Note: This image was produced by Copilot from the image in the previous post, which in turn uses Wikipedia’s cover image for the book.
Small Proof-Oriented Tests
Section titled “Small Proof-Oriented Tests”An old idea, popularized in the last decade especially by the DeepSpec project, is for specifications of verified components to be “two-sided”. That is, a component specification should not only be strong enough to prove the correctness of the implementation, but also be strong enough to conduct proofs of clients of that component. In other words, specifications of components should be “precise” enough to be used in client proofs.
A natural question then is whether the specifications of AutoCLRS are precise. One way to judge this (building on an idea explored in this paper) is to exercise each verified algorithm by writing a small, concrete, verified test case, proving that the test always succeeds. Small proof-oriented tests have some useful properties:
-
A concrete test for a verified library is always useful. As Donald Knuth famously once said: “Beware of bugs in the above code; I have only proved it correct, not tried it.” Actually running a test against the verified code can shake out important specification bugs, e.g., issues with how the specification models the execution environment of the program.
-
Verifying that the test always succeeds is useful way to assess whether or not the specification is precise enough to prove a client program correct.
-
The test exercises the specification on a small concrete instance, e.g., sorting a list of three numbers. This makes the expected output easy to judge.
-
Such tests are also useful API samples, e.g., documenting how to use verified libraries, both concretely and for proof.
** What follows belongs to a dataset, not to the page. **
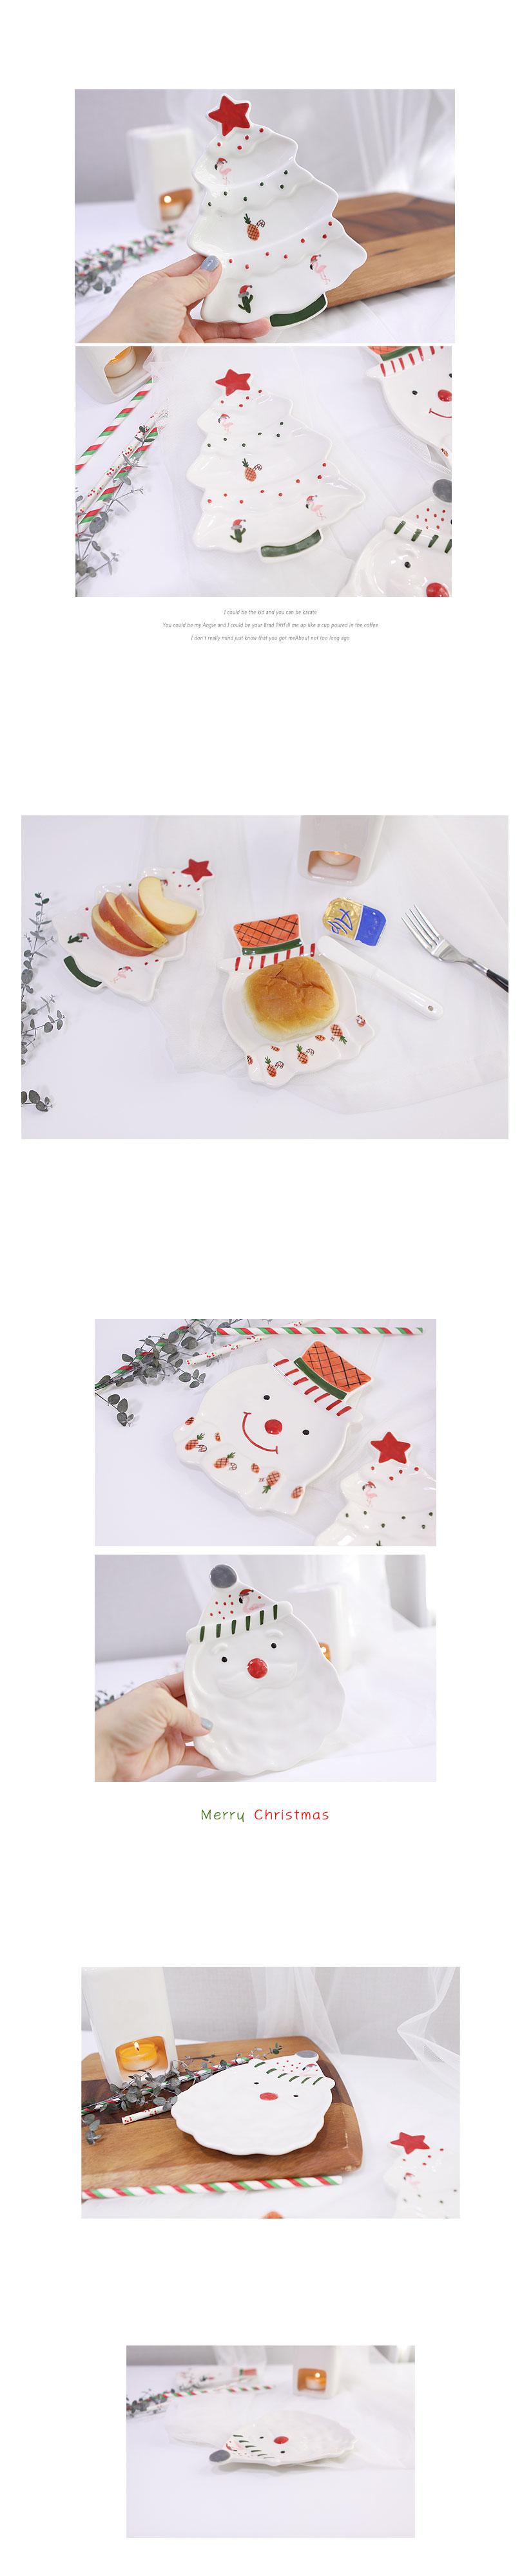 크리스마스 디저트 접시18,000원-젬제이FOOD, 커피/차/음료, 차, 허브차바보사랑크리스마스 디저트 접시18,000원-젬제이FOOD, 커피/차/음료, 차, 허브차바보사랑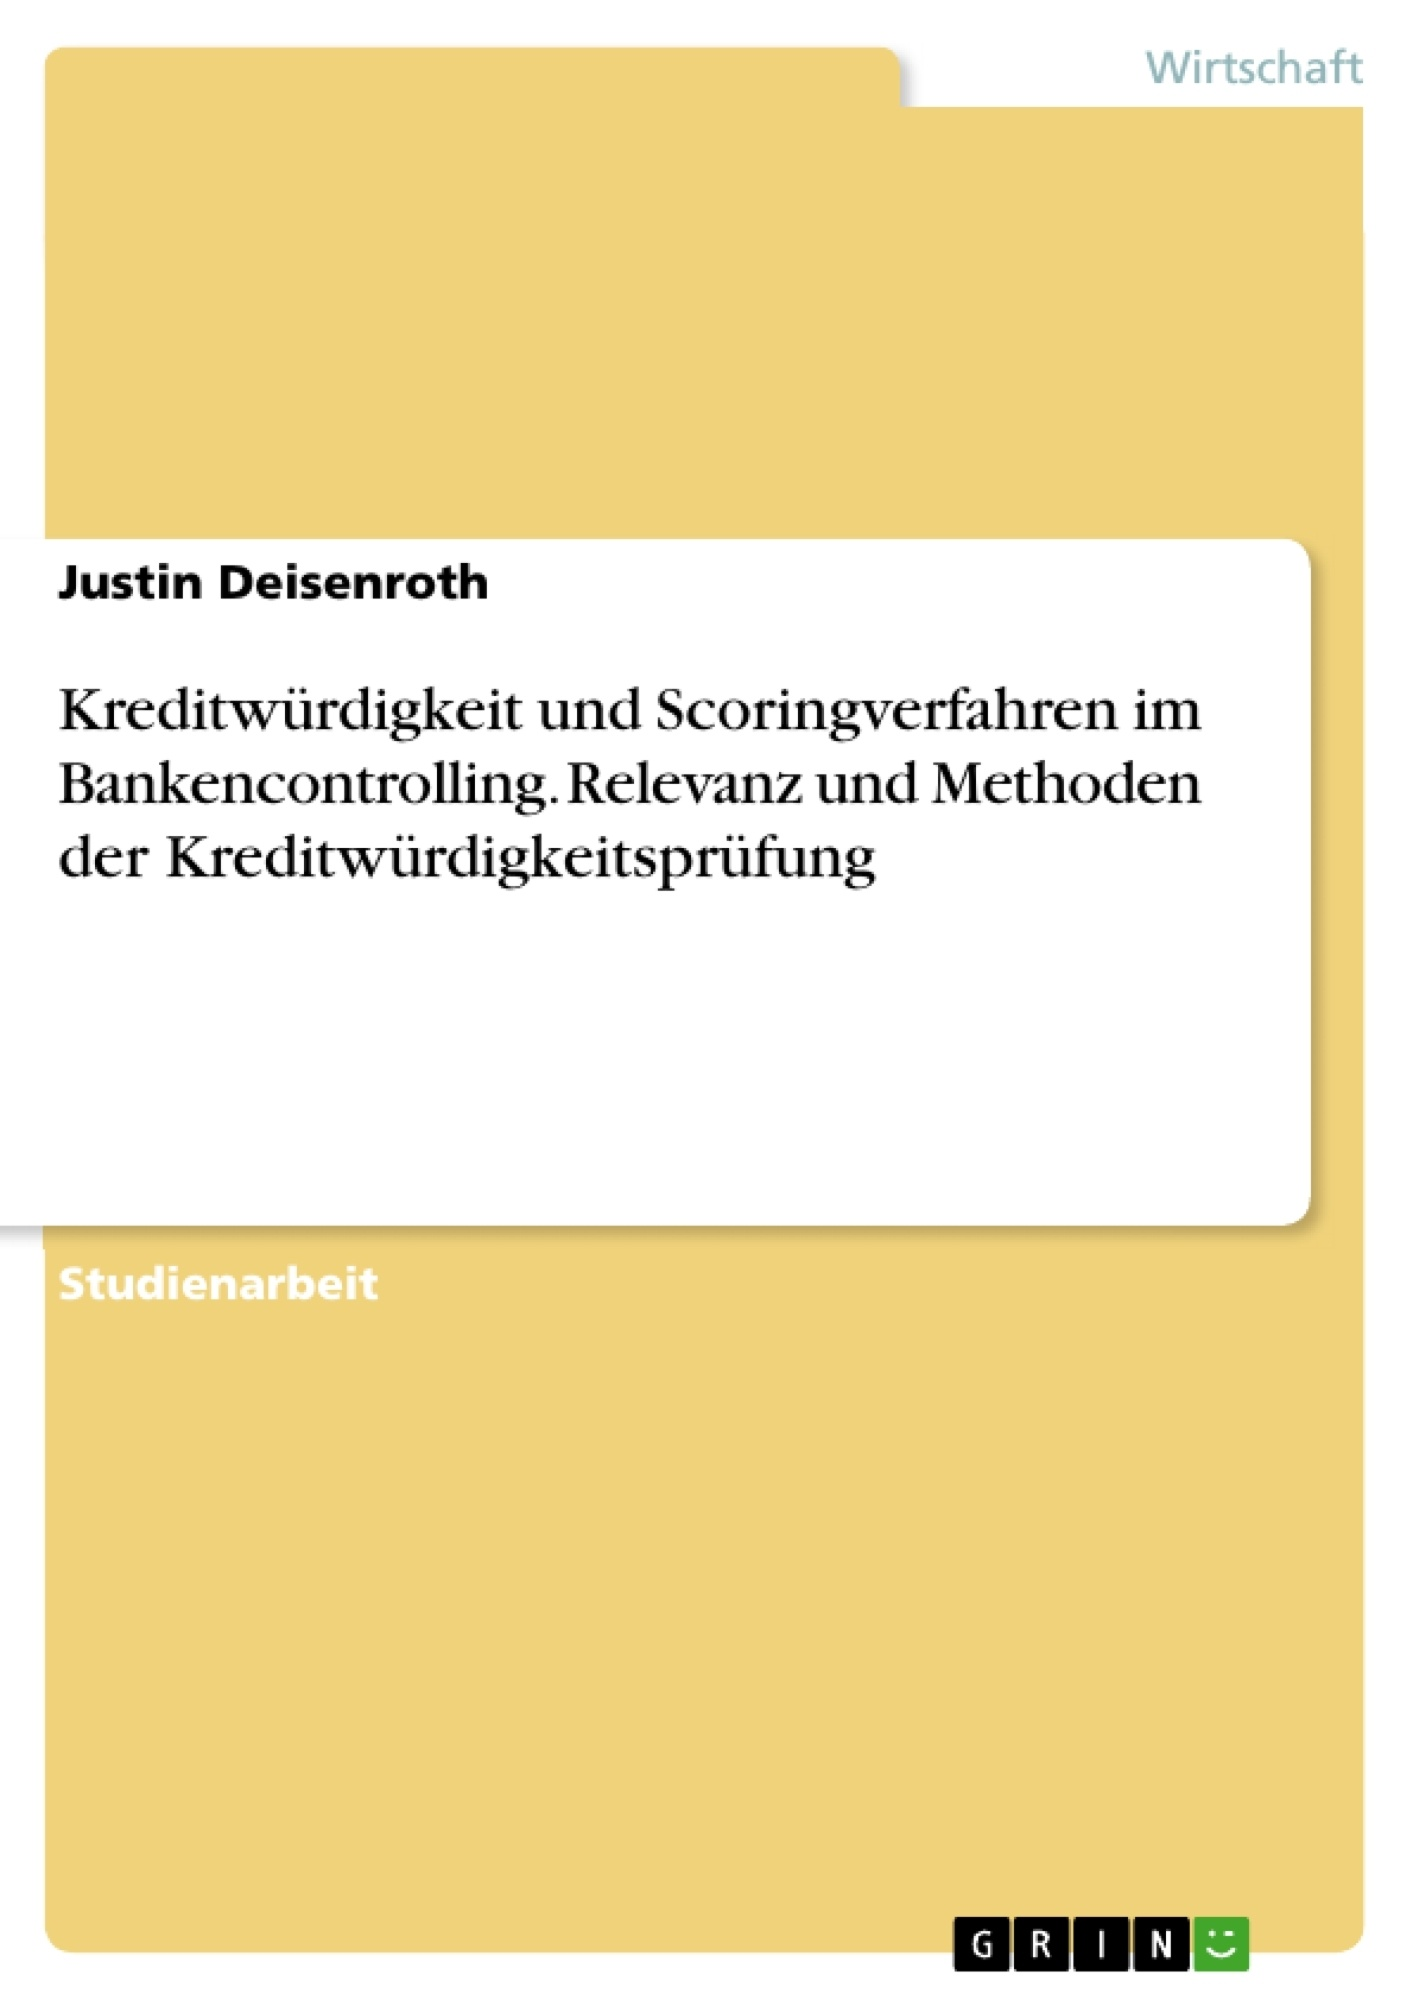 Titel: Kreditwürdigkeit und Scoringverfahren im Bankencontrolling. Relevanz und Methoden der Kreditwürdigkeitsprüfung

We had agents generate SPOTs for all the algorithms in AutoCLRS and found several specification gaps. Then, with several further iterations and specification critique (in natural language) from the authors, we had agents fix these specification gaps and associated proofs.
Some Takeaways
Section titled “Some Takeaways”-
Writing SPOTs has always been good proof-engineering practice. Instructing agents to write such tests remains good practice, and is a useful way to find specification gaps.
-
A key principle of agentic engineering is to find ways to “close the feedback loop”, so that agents can iterate towards meeting some objective. Using SPOTs as a feedback mechanism for agentic proof-oriented programming is a great example of this principle in action.
-
We applied SPOTs to AutoCLRS after most of the code was already written, but it would be interesting to apply SPOTs earlier in the development process. For example, one could start by settling the interfaces of libraries and sketch SPOTs for them to check them for precision before any proofs are written. Of course, settling on specifications early runs the risk of choosing specs that cannot actually be proven, so the right model would strike a balance between early specification tests followed by proof attempts and repeated refinement.
-
SPOTs are not absolute or foolproof: they are small, and may not cover all the aspects of a specification, so they can miss some gaps. There’s also the danger of agents over-fitting specifications to the SPOTs, though we have yet to see this happen in practice.
-
SPOTs also need to be reviewed, though because they are small and concrete, they can be easier to review than large, abstract specifications.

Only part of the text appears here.